The next thing I knew, Owen, Bill and Fred, each carrying a gun, got into the wagon and drove off.

When anything happened it came with such suddenness there was never opportunity for questions, besides, my association with men had taught me the value of silence—in an emergency.

In a few hours Owen and Fred came back. They had met the eight new herders walking into the ranch to “quit”. They walked back to their respective camps instead, their pace accelerated by a loaded gun pointing at their backs. The cabins were searched, several villainous looking knives confiscated and eight subdued cut-throats returned to the peaceful occupation of herding sheep, under Bill’s watchful eye and loaded gun.

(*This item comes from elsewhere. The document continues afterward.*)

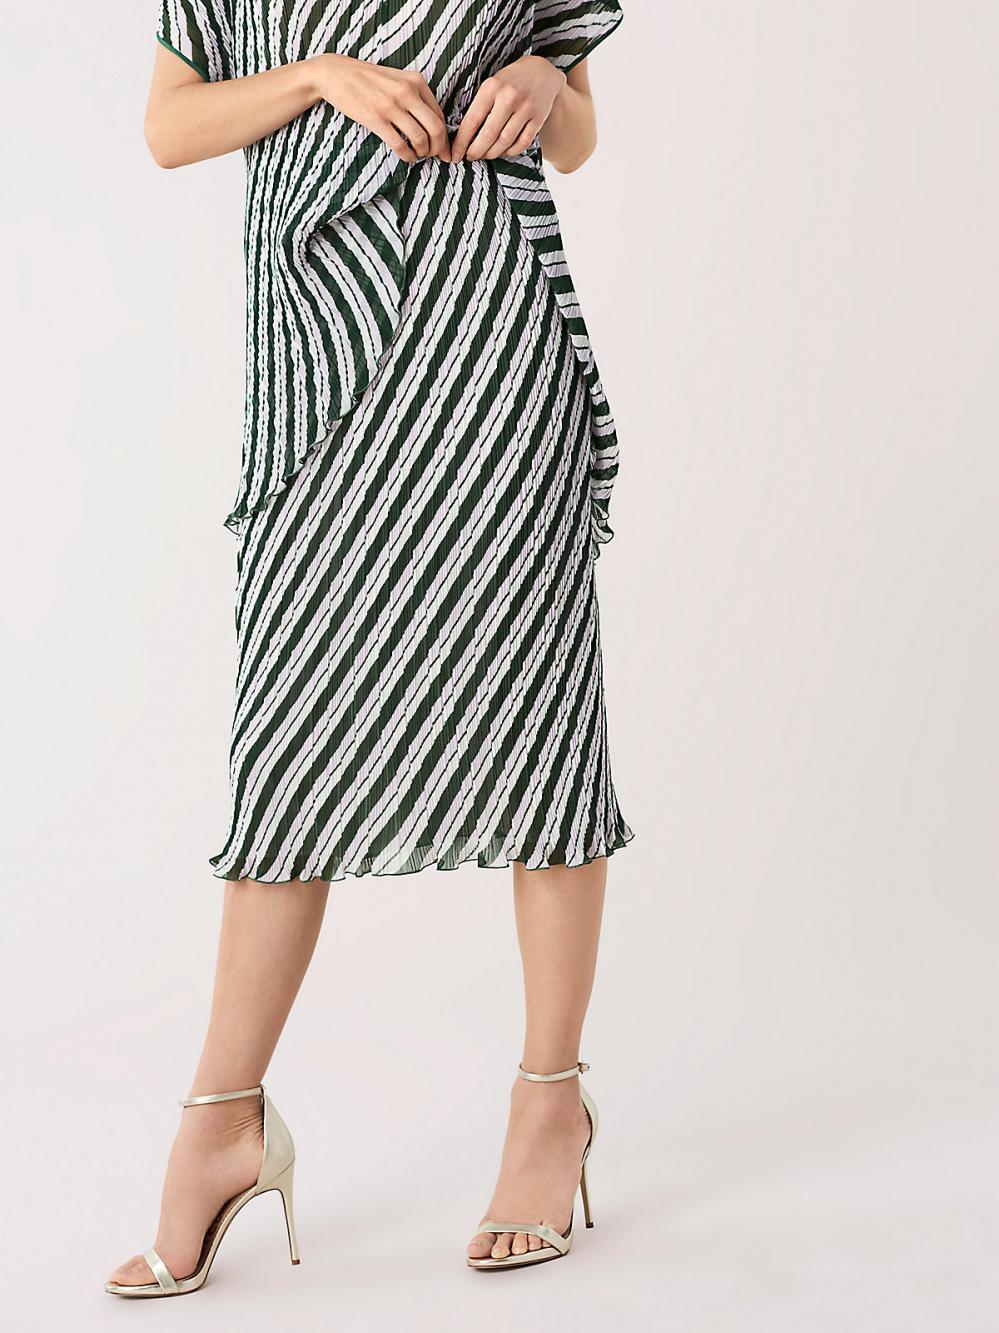 Skirts · Cheap DVF Outlet Store online. · Everyman News
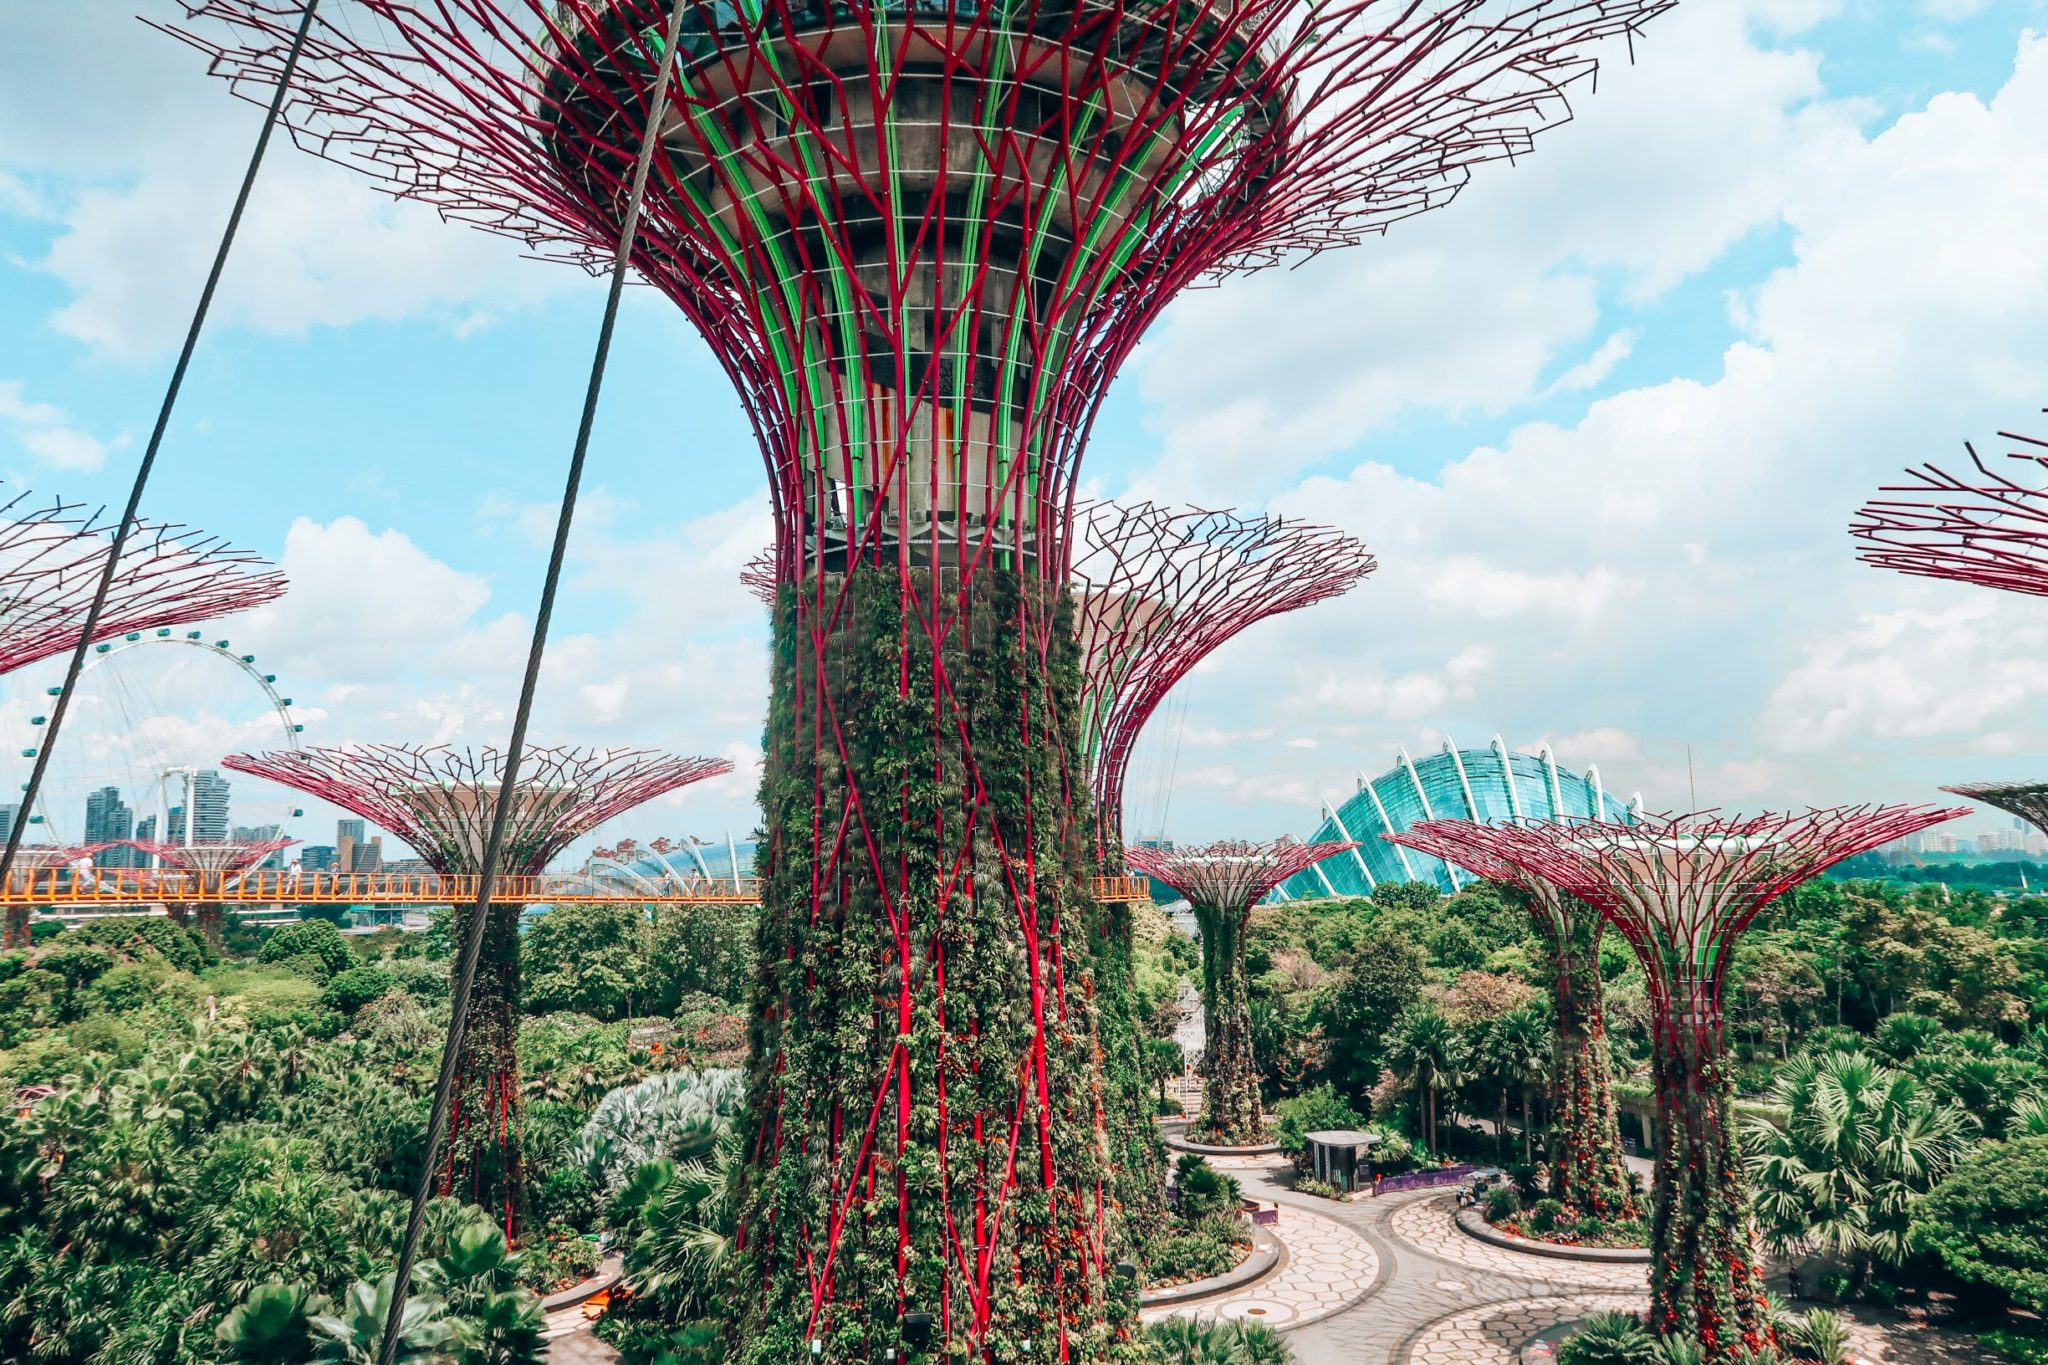 Visiting the Gardens by the Bay - from OCBC Skyway

Owen said that it wasn’t at all necessary for the Mexicans to understand English since Bill’s few remarks were sufficiently lurid to attract their attention.

Until other herders could be brought to the ranch, one white man, always armed, stayed at each camp, constantly on guard lest the vindictive herders set fire to the camps or kill the sheep. These were no gentle children from the land of Mañana; we discovered they were desperate characters from Old Mexico, to whom murder was second nature.